Perspectives | Spring Strategies

Au-delà de l’argent : l’impact réel du financement communautaire de Fondo Semillas

Rédigé par Admin | 25 févr. 2026 21:43:20

 L’organisation est née avec 20 personnes et une idée simple: celle selon laquelle des personnes ordinaires pouvaient financer des causes locales et prendre part à une transformation féministe plus étendue. 

Depuis les années 1990, au Mexique, le fonds des femmes féministes Fondo Semillas a alimenté une communauté engagée de donateur·rice·s individuel·le·s à travers des dons directs, des produits associés à des causes, des campagnes numériques, des évènements et des partenariats de crowdfunding. Ensemble, ils et elles contribuent à améliorer la vie des filles, des femmes et des personnes trans et intersexes au Mexique. 

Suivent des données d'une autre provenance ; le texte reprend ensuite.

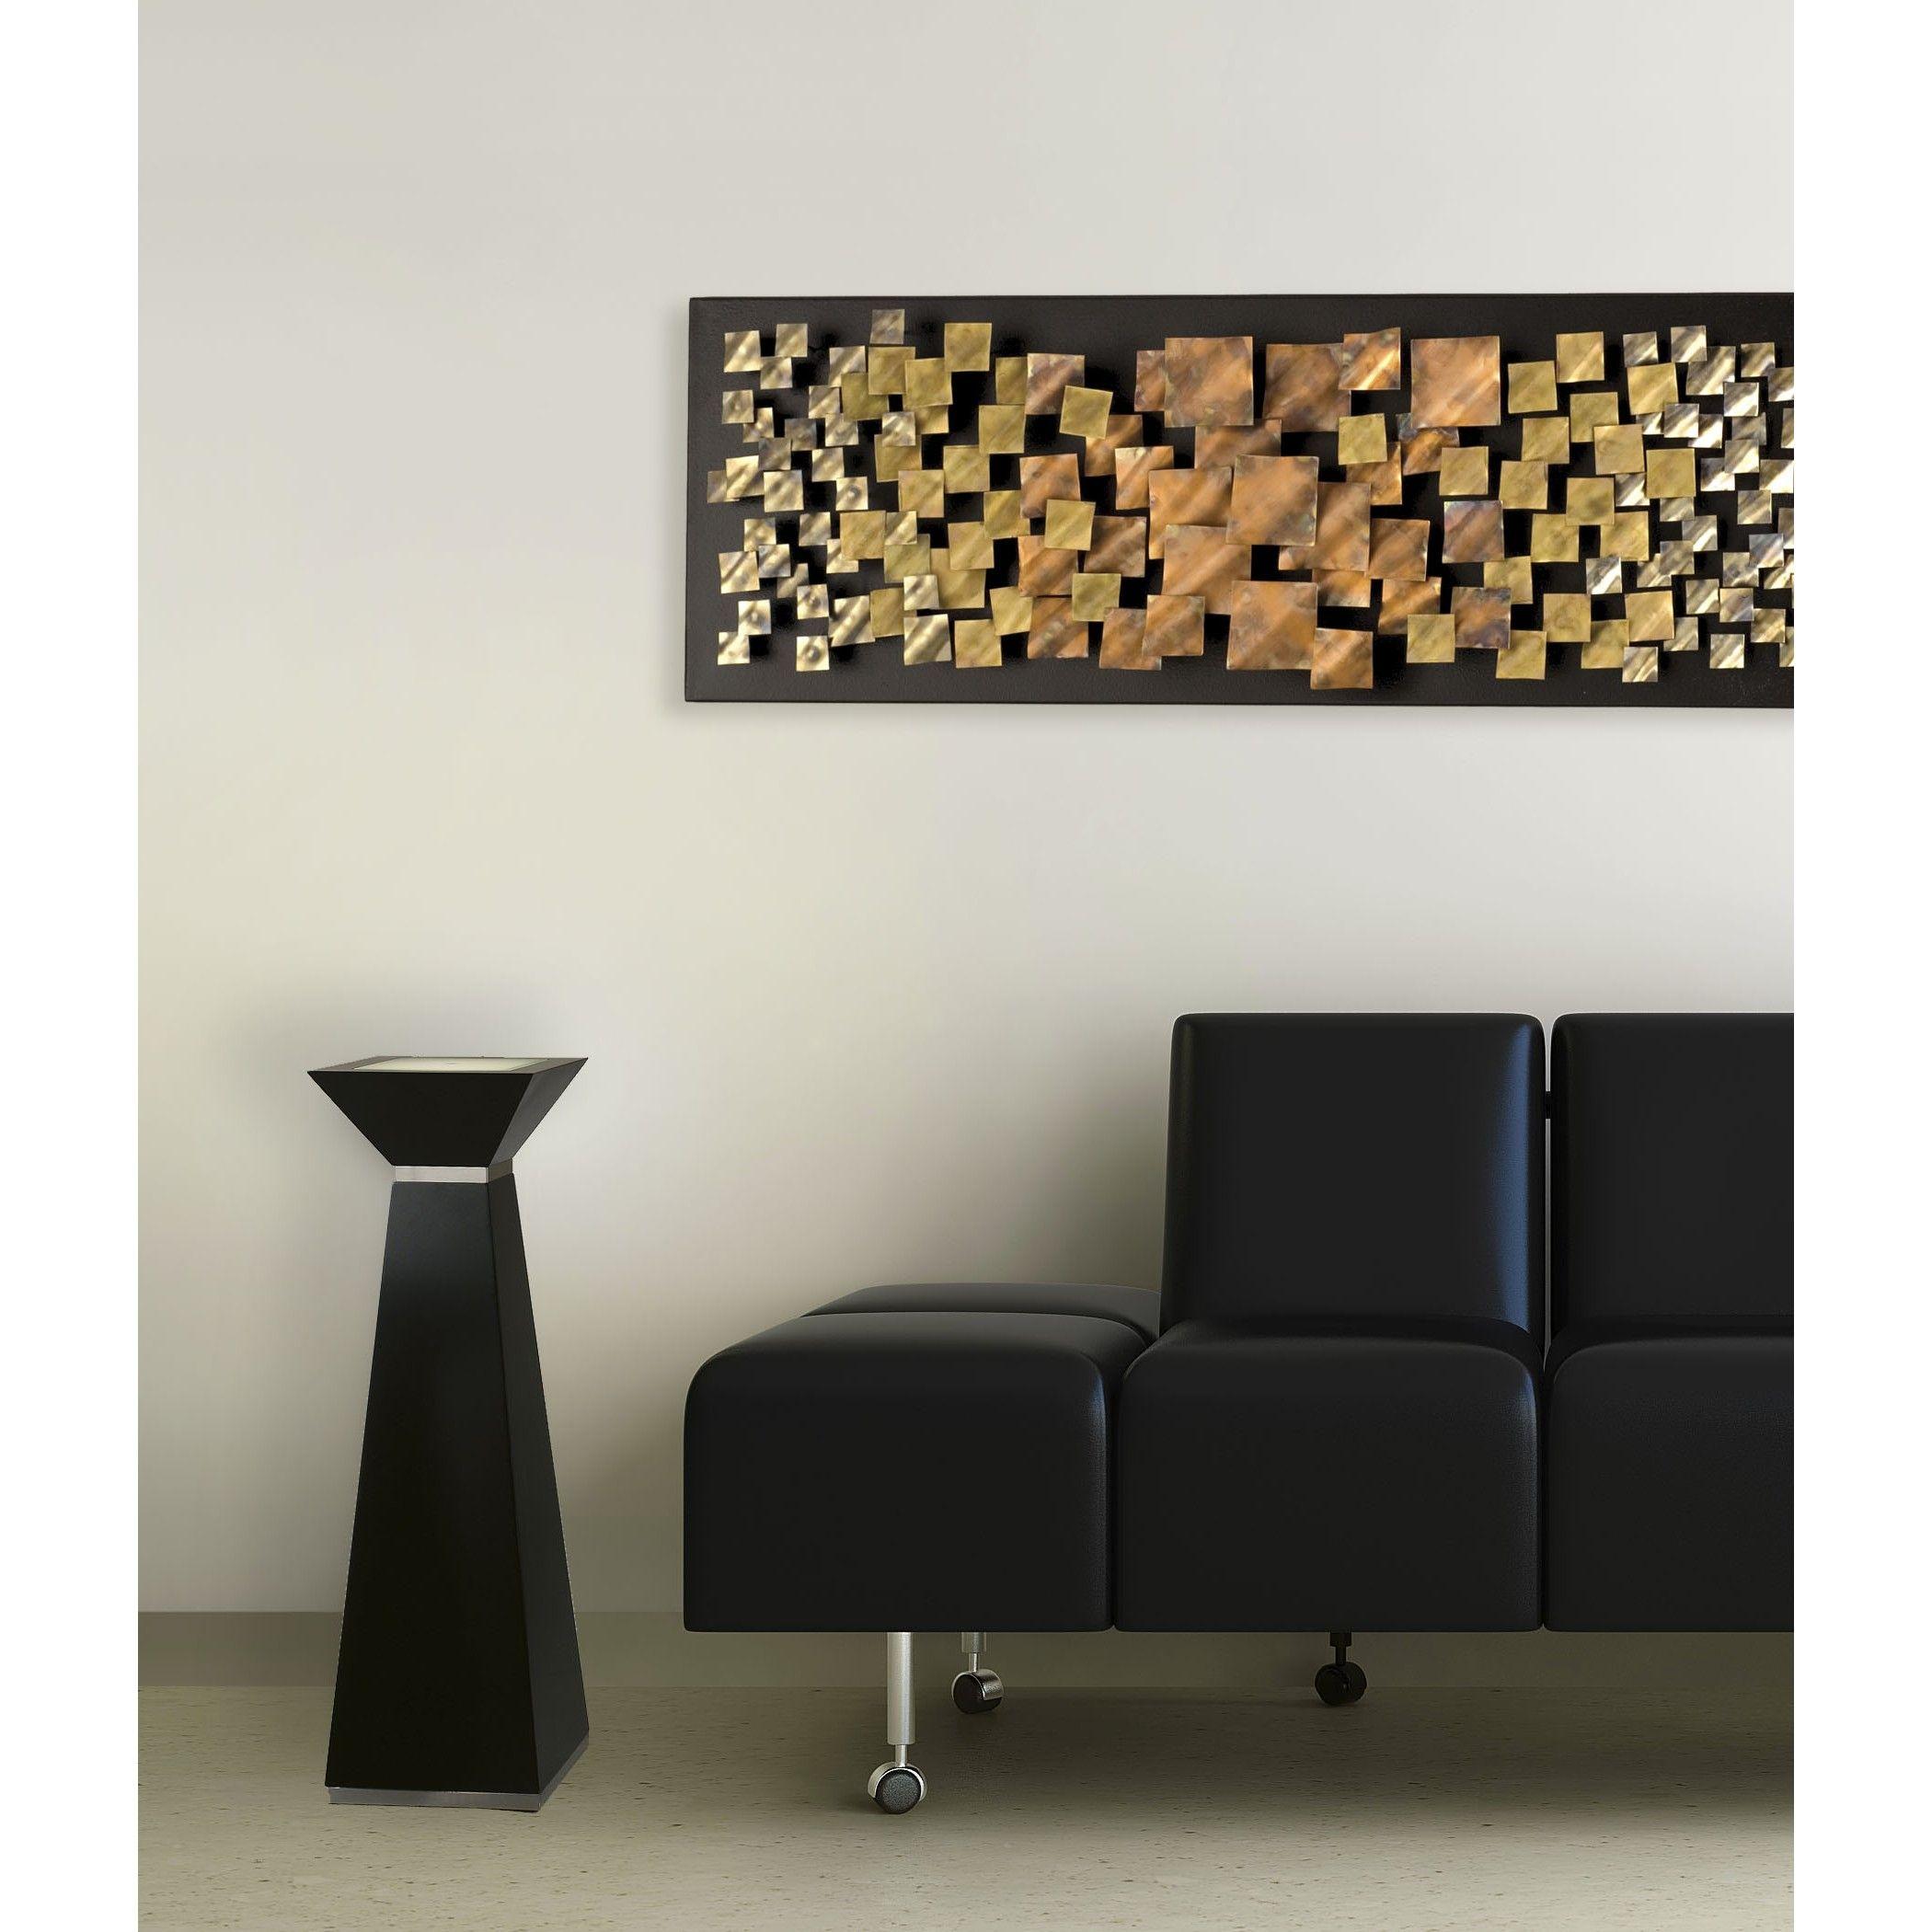 Wall Sculptures Studiolx Mosaic Art By Nova

Actuellement, le financement de Fondo Semillas provient de sources diverses, dont des subventions internationales.  Le fonds soutient, à son tour, 219 organisations locales, des collectifs, et des mouvements au Mexique à travers environ 5.5 millions de dollars de subventions. Les dons individuels ne constituent qu’une faible part de ces financements globaux, mais même des montants modestes peuvent avoir un impact considérable.  

En analysant plus en profondeur les leçons tirées de l’expérience de Fondo Semillas, à travers le regard d’Ana Laura Godínez,1 responsable de la communauté des donateurs, les organisations du monde entier (ainsi que les financeurs qui les soutiennent) peuvent en apprendre davantage sur la construction de cultures locales de philanthropie dans le sud global. 

 

Mobiliser « des militants financiers » et créer une communauté solidaire 

Lorsqu’on compare la somme d’argent récoltée par Fondo Semillas grâce aux donateurs individuels à celle des subventions institutionnelles, on pourrait penser qu’il s’agit de beaucoup de travail et d’efforts pour une somme relativement modeste. L’année dernière, la communauté de donateurs a collecté 256 000 dollars, soit environ 3% des revenus totaux, soit 8,8 millions de dollars.

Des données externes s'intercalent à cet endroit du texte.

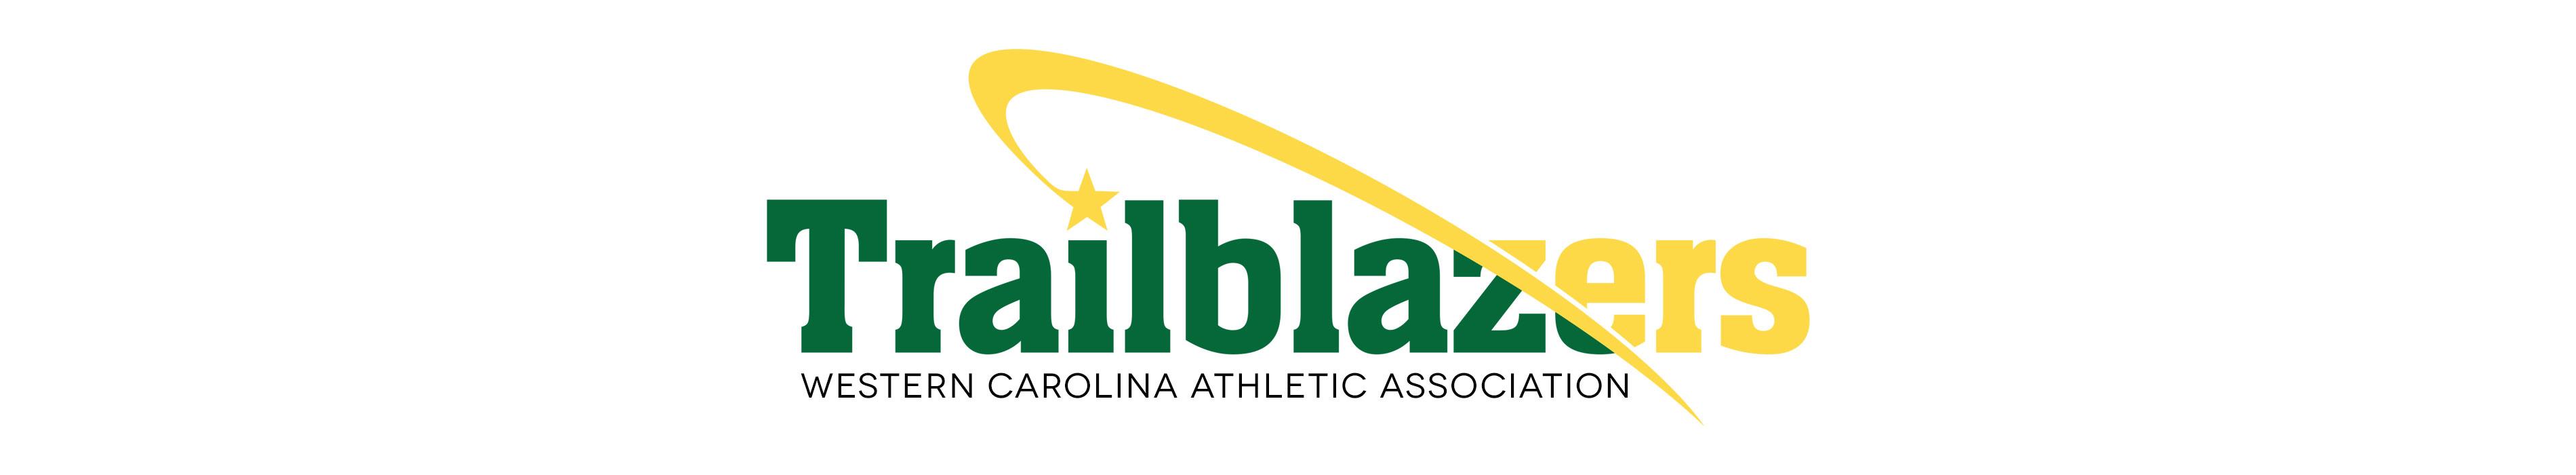 WCAA - Asheville Trailblazers

Néanmoins, il ne s’agit pas seulement d’argent. Il s’agit d’espoir, de confiance et d’une vision collective du changement social. Il y a du pouvoir dans la manière de collecter de l’argent.

Ana encourage les donateurs à considérer leurs dons comme une forme de militantisme financier. Certains militants s’engagent physiquement pour participer à construire un monde meilleur, alors que d’autres peuvent les soutenir financièrement pour leur permettre de poursuivre ce travail. 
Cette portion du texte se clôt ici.